● RECORDED DATA:
══════════════════════════════

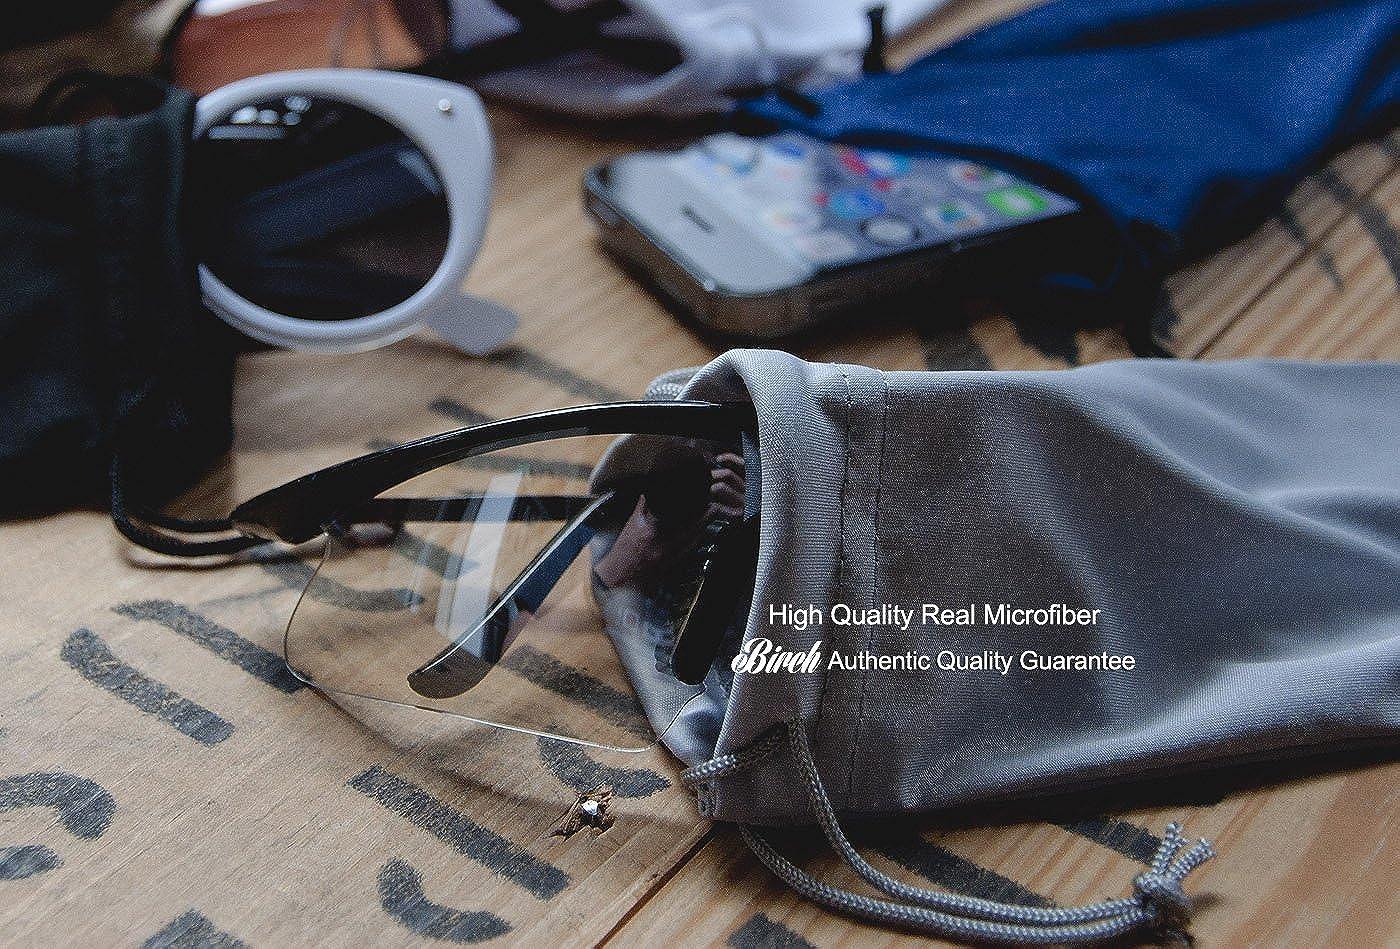 Amazon.com: 4 gafas de sol de microfibra de alta calidad con ...
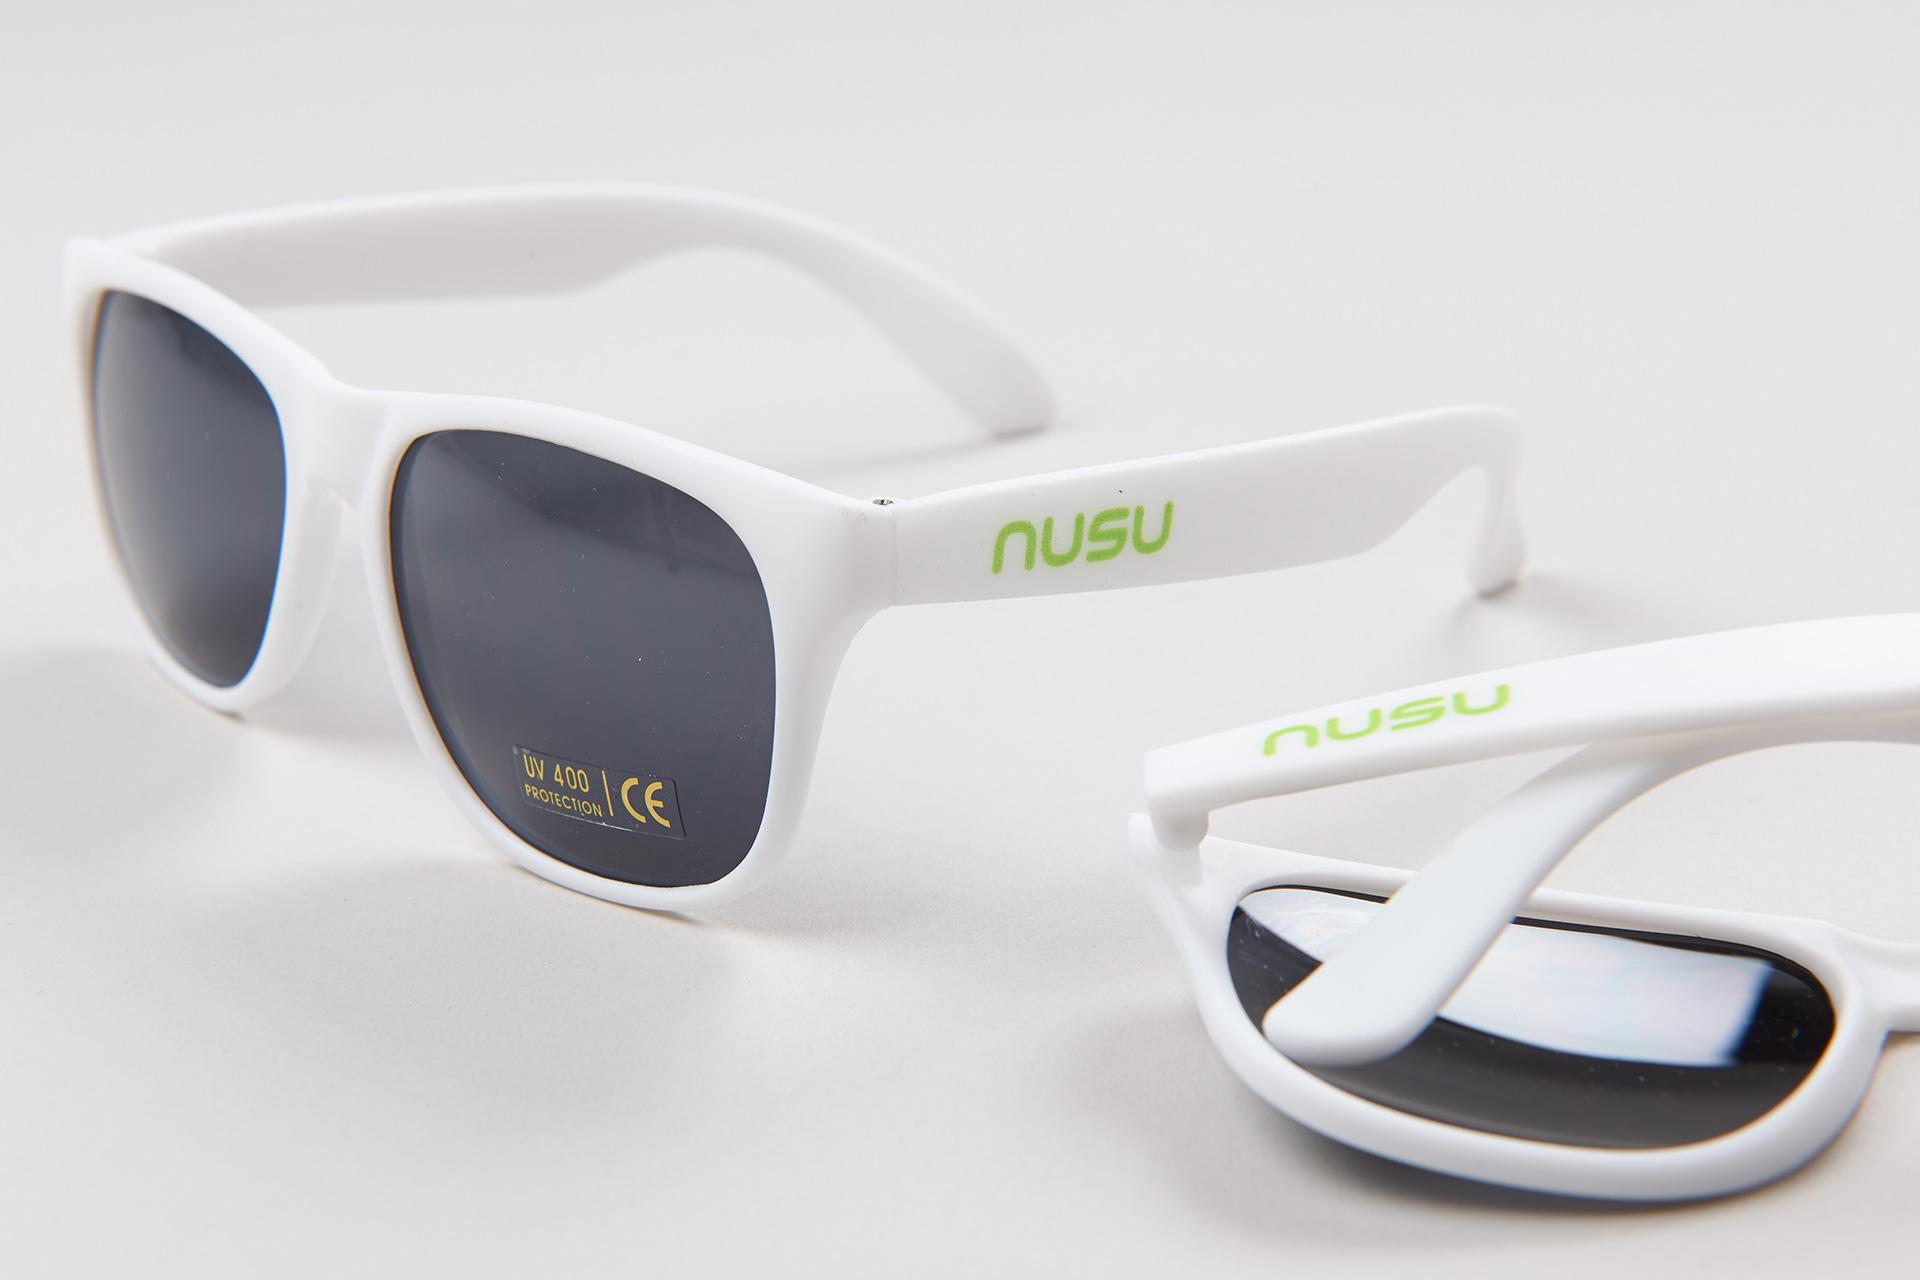 toloom-arbeiten-nusu-14-brille.jpg
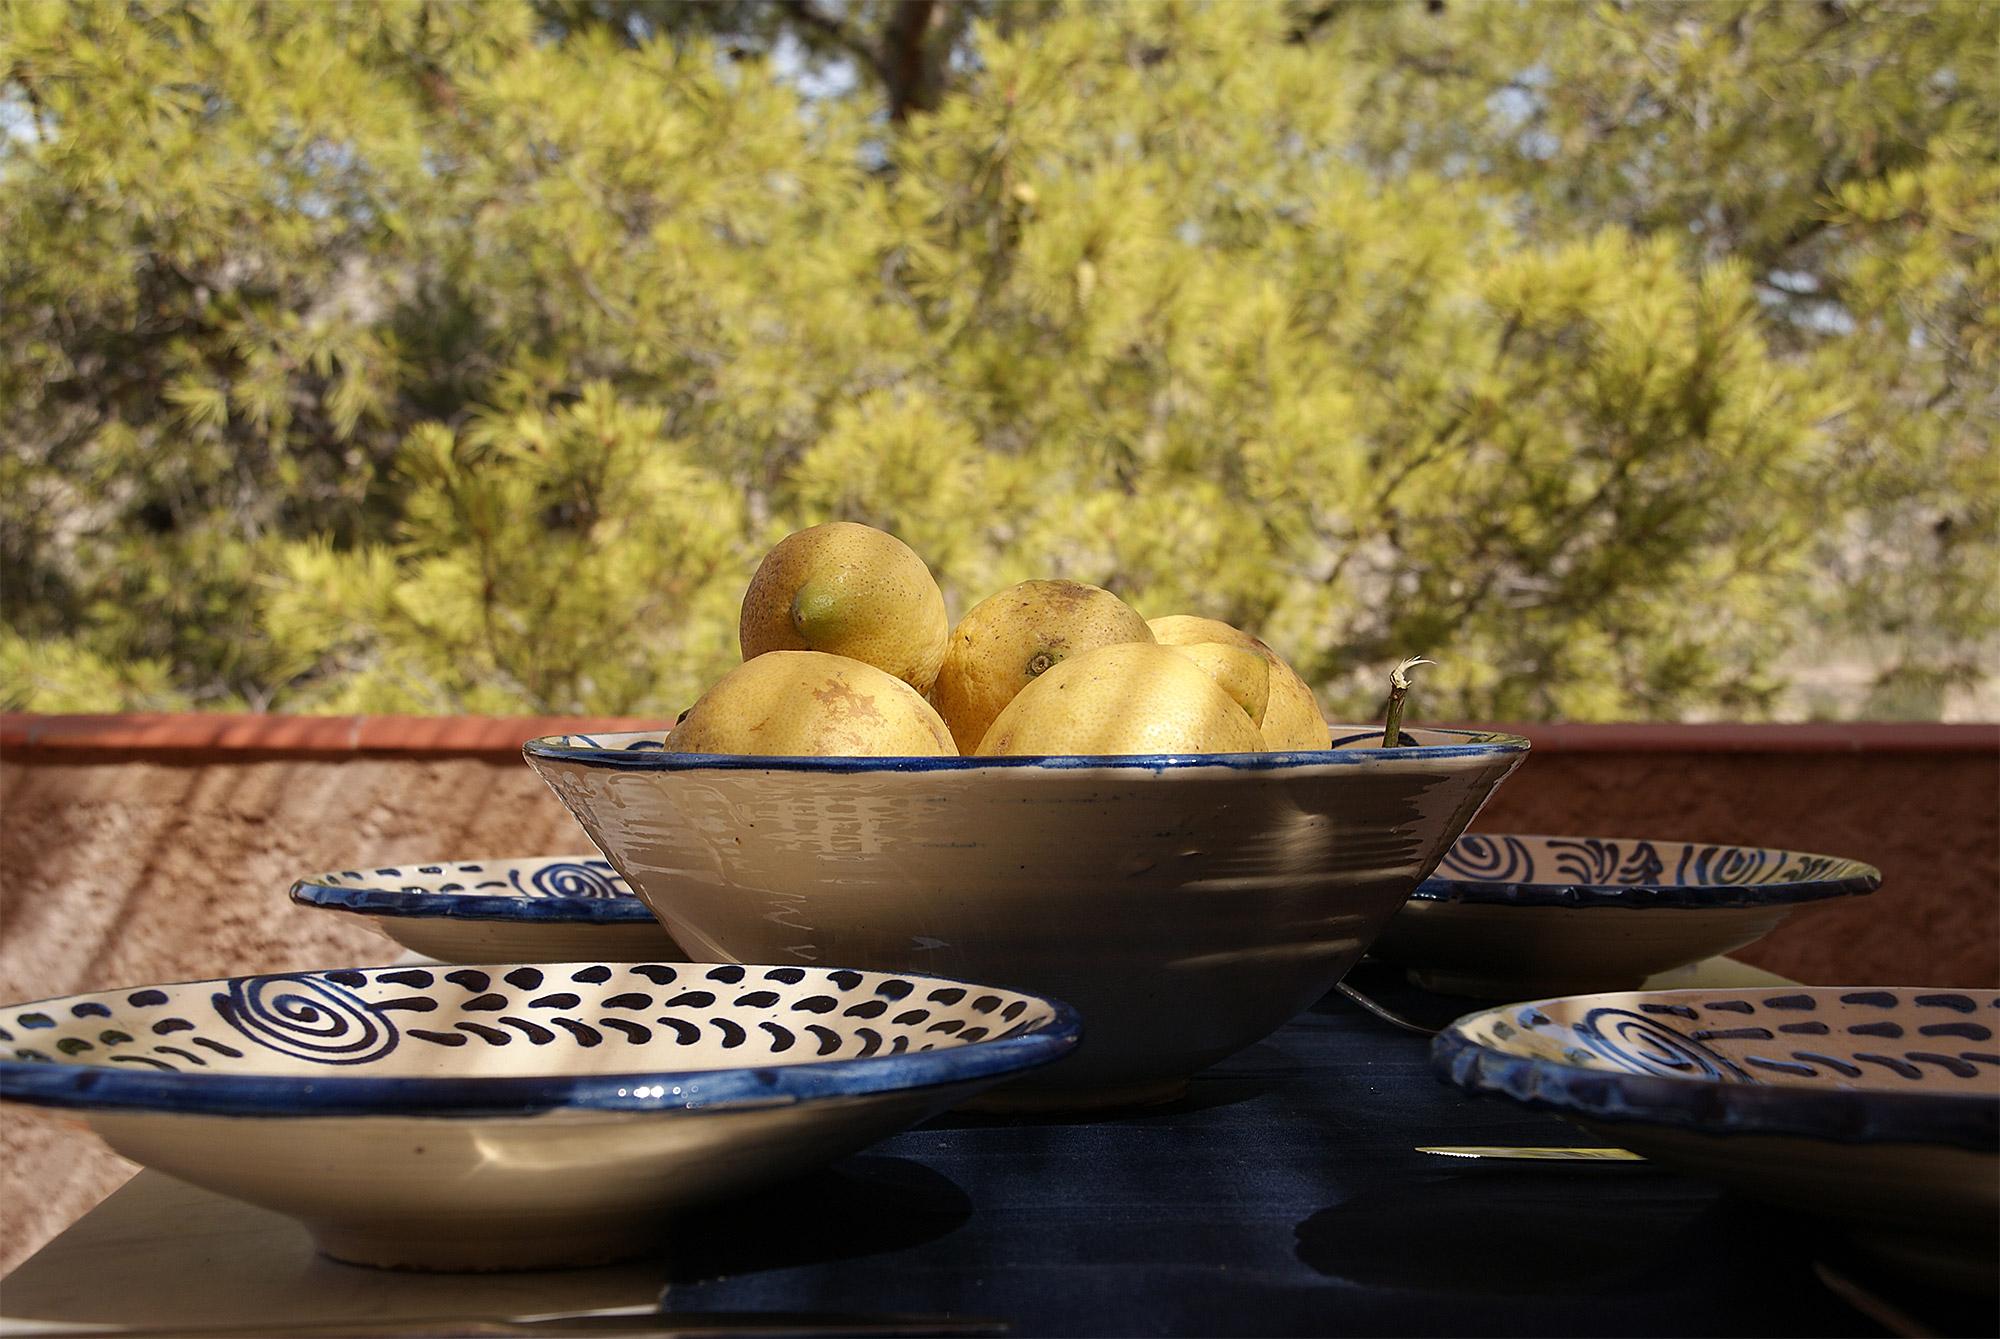 Speisen auf der Terrasse des Öko-Ferienhauses Finca de Foyeta
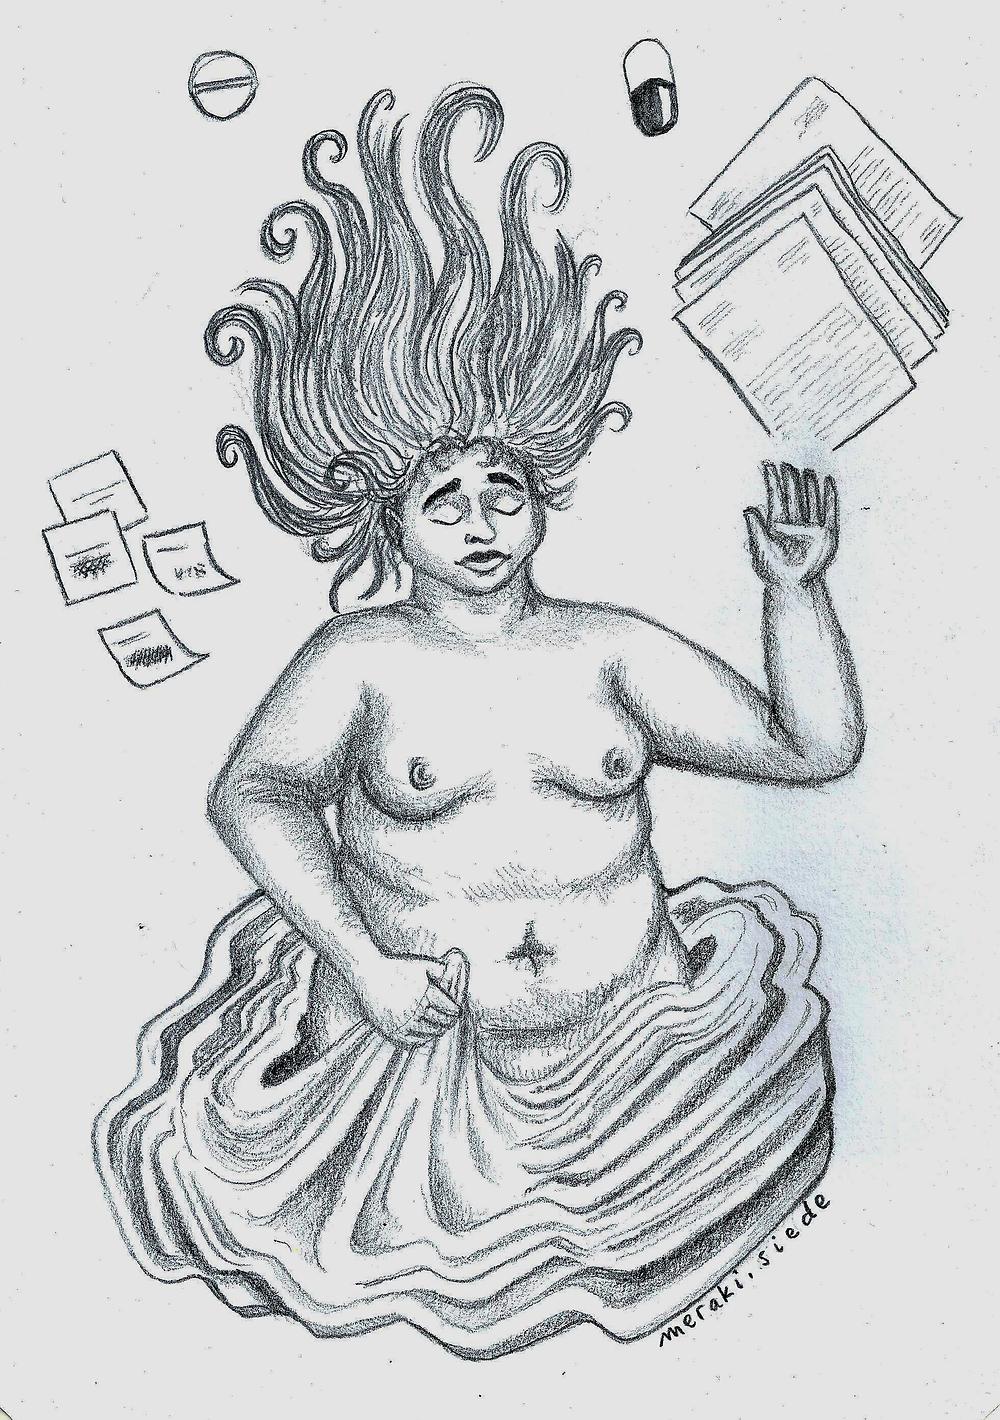 Ilustración a lápiz de una persona acostada en el piso con el torso desnudo, rodeada de papeles y medicamentos.

══════════════════════════════

Print the whole listing above exactly, and keep every picture out of the copy.

 Amazon.com: 4 gafas de sol de microfibra de alta calidad con ...
 toloom-arbeiten-nusu-14-brille.jpg
 Speisen auf der Terrasse des Öko-Ferienhauses Finca de Foyeta
 Ilustración a lápiz de una persona acostada en el piso con el torso desnudo, rodeada de papeles y medicamentos.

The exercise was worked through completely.